**TASK**
Give back all of the data exactly as it stands, with the pictures removed.

*** DATA BELOW Section Begins ***

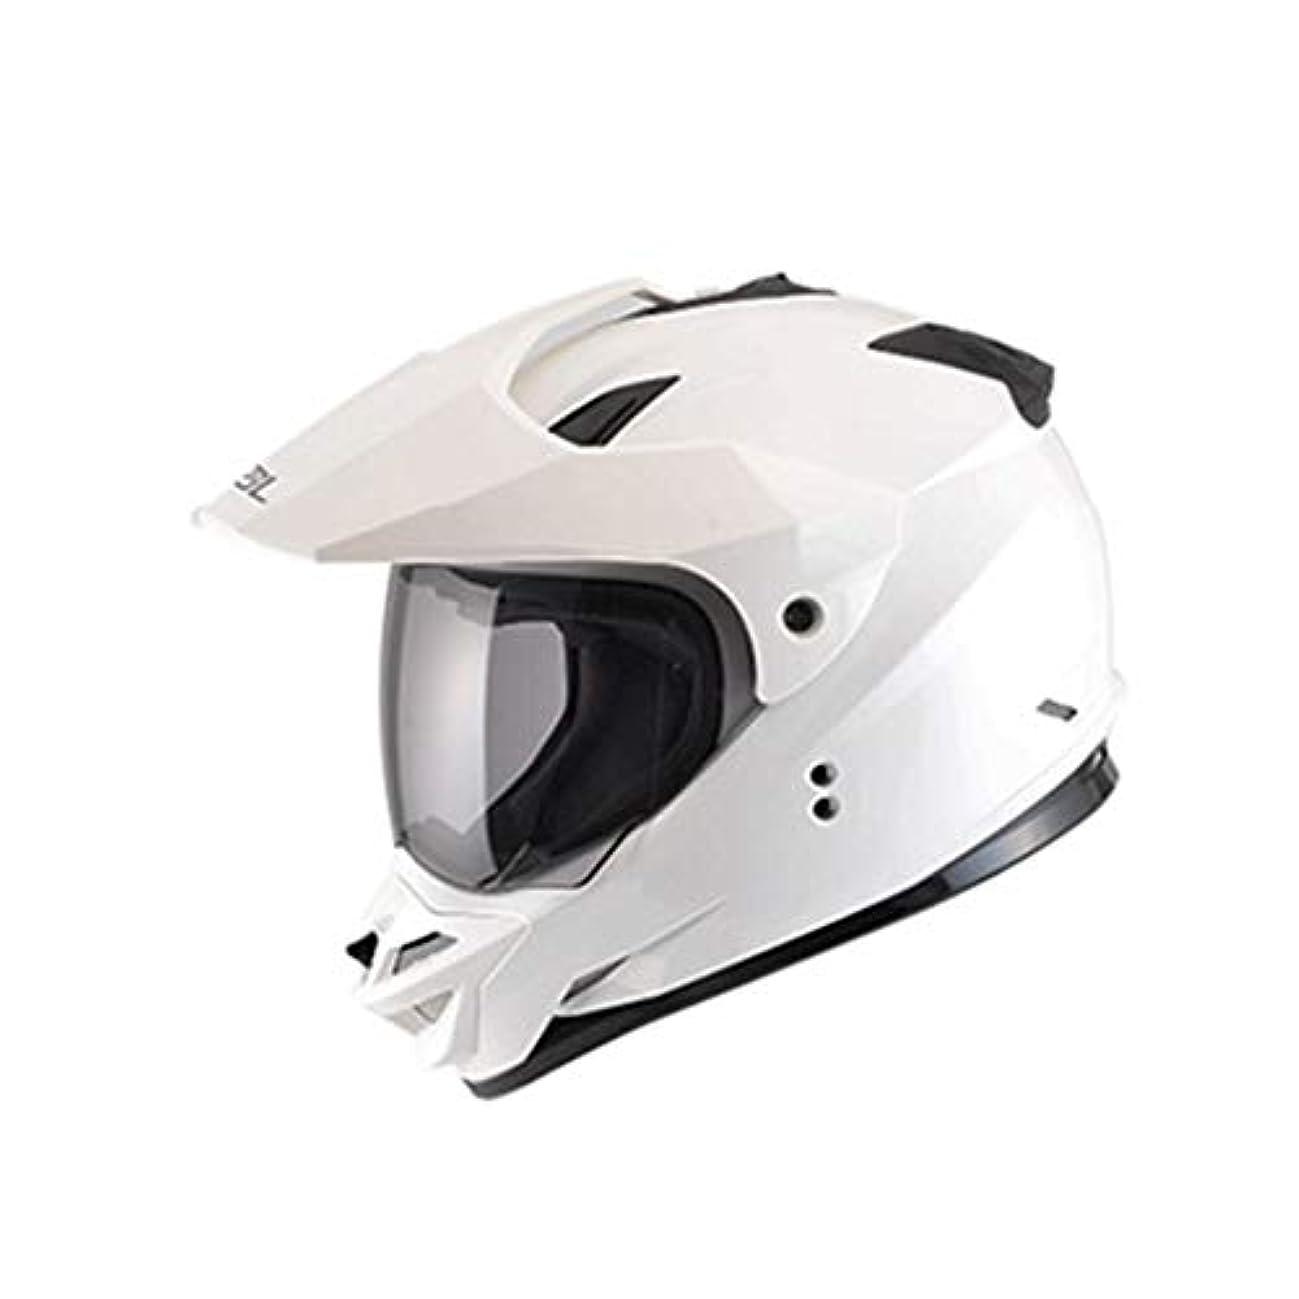 つぼみ憲法締めるSafety オートバイヘルメットオフロードヘルメット多機能ヘルメットレーシング機関車フルフェイスヘルメット電動オートバイヘルメット四季 - 白 (Size : XXXL)
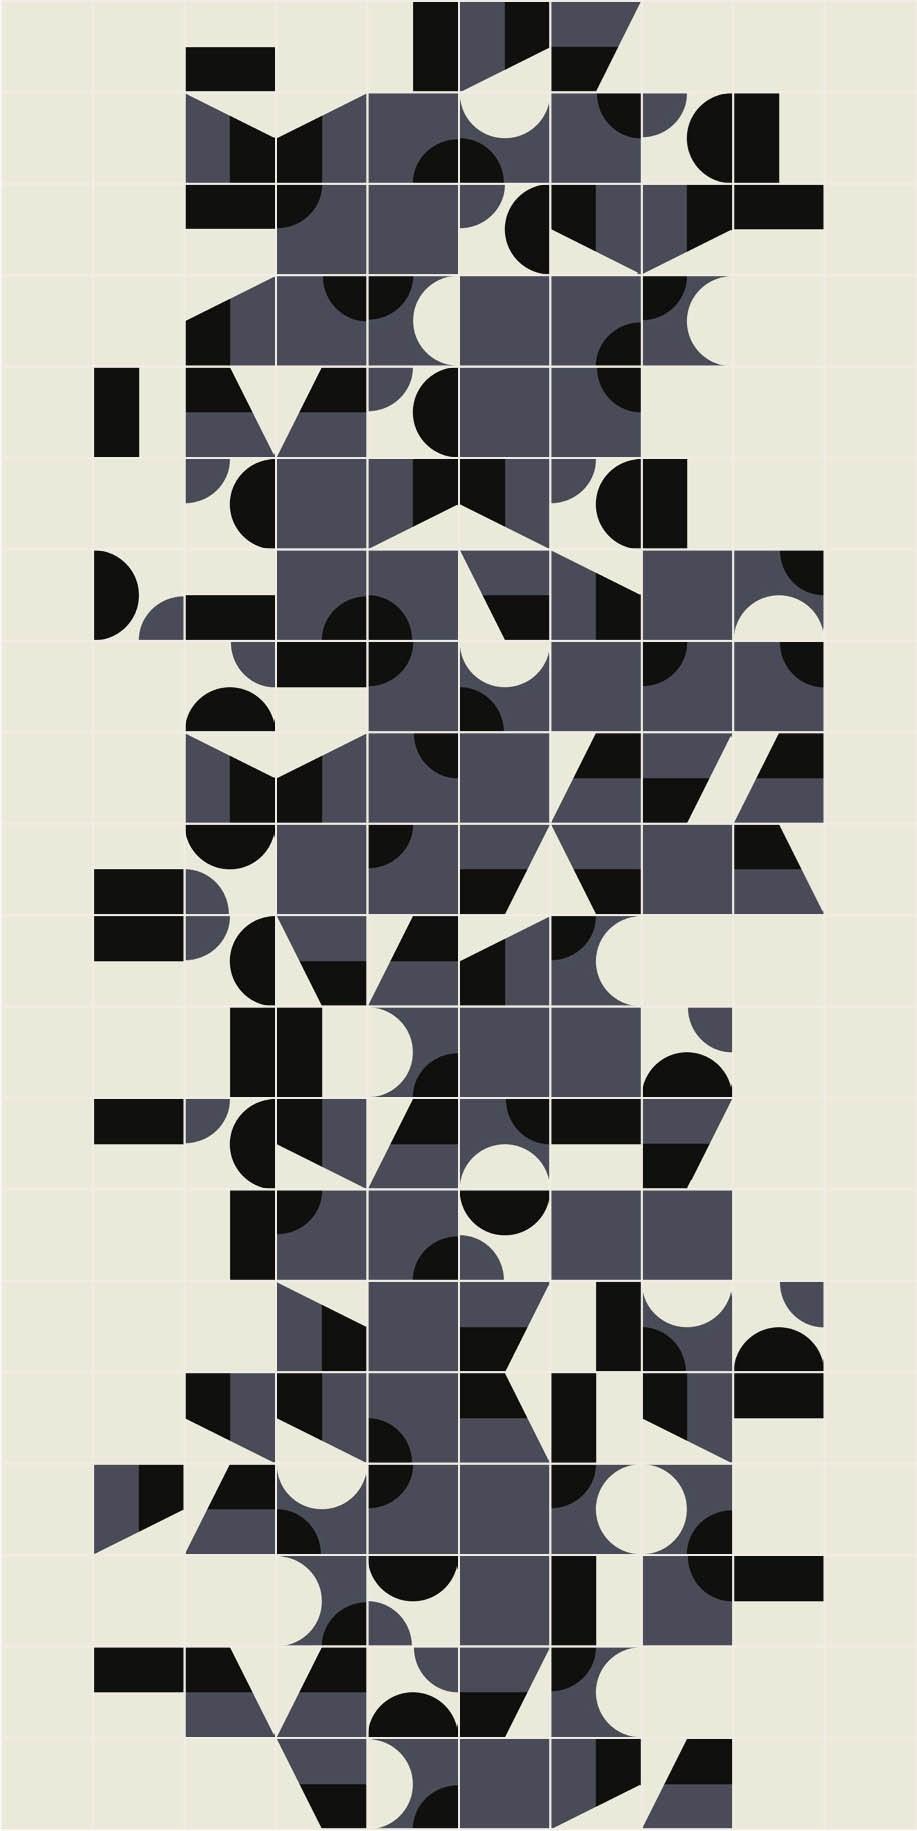 Revêtement De Sol/mur En Grès Cérame Émaillé Puzzle encequiconcerne Puzzle Gratuit Pour Fille De 3 Ans
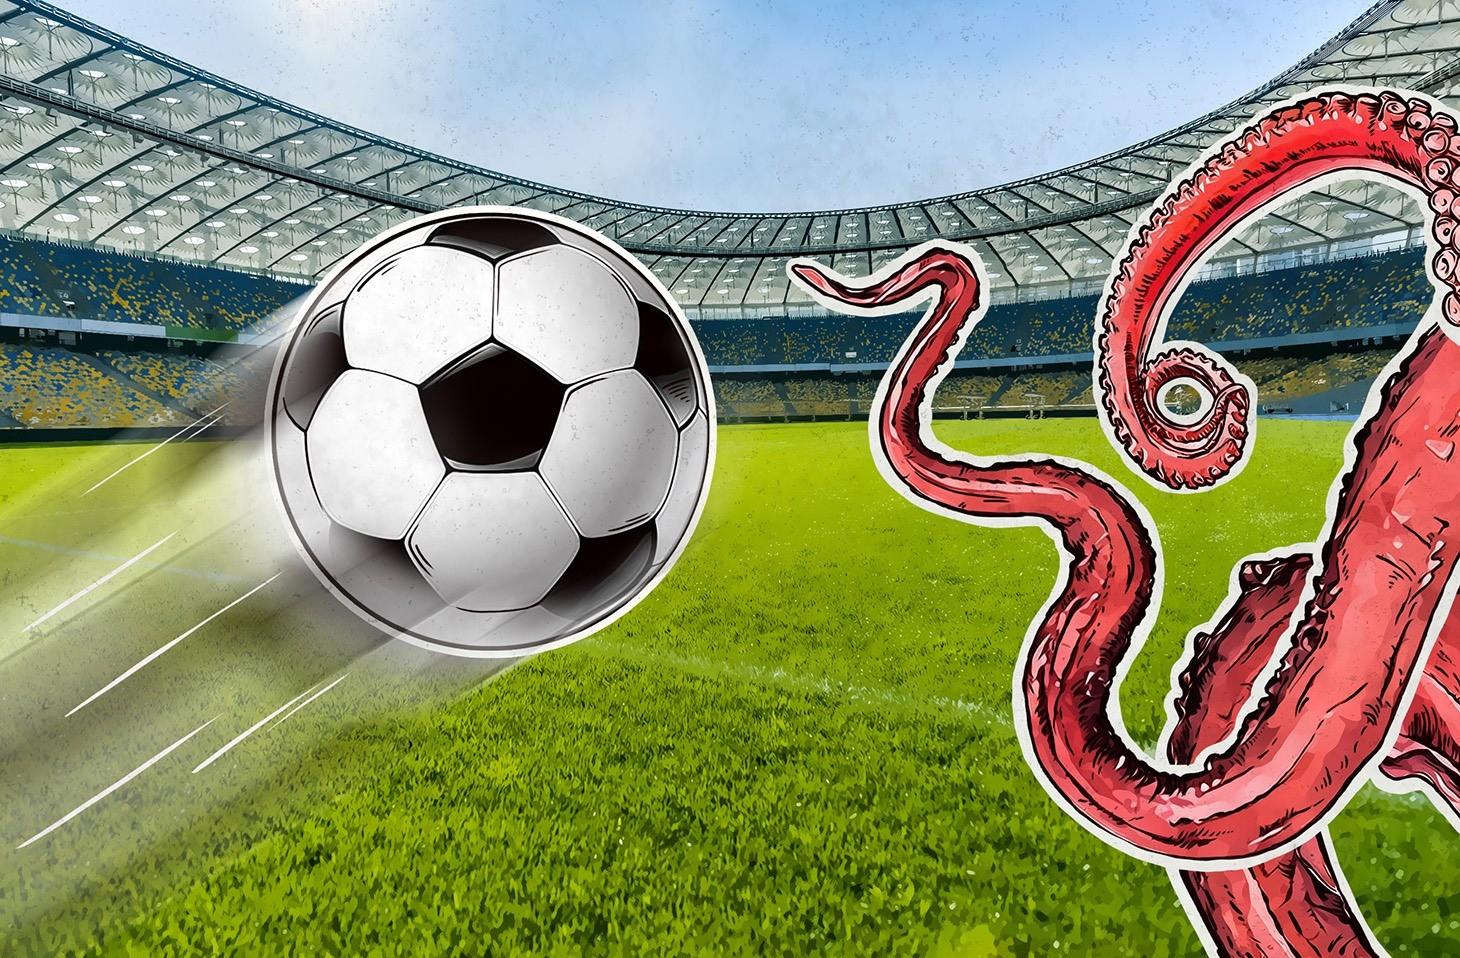 نصائح السلامة لكأس العالم 2018

*** DATA BELOW Section Ends ***

**THE COMPLETED TASK**
 つぼみ憲法締めるSafety オートバイヘルメットオフロードヘルメット多機能ヘルメットレーシング機関車フルフェイスヘルメット電動オートバイヘルメット四季 - 白 (Size : XXXL)
 Revêtement De Sol/mur En Grès Cérame Émaillé Puzzle encequiconcerne Puzzle Gratuit Pour Fille De 3 Ans
 نصائح السلامة لكأس العالم 2018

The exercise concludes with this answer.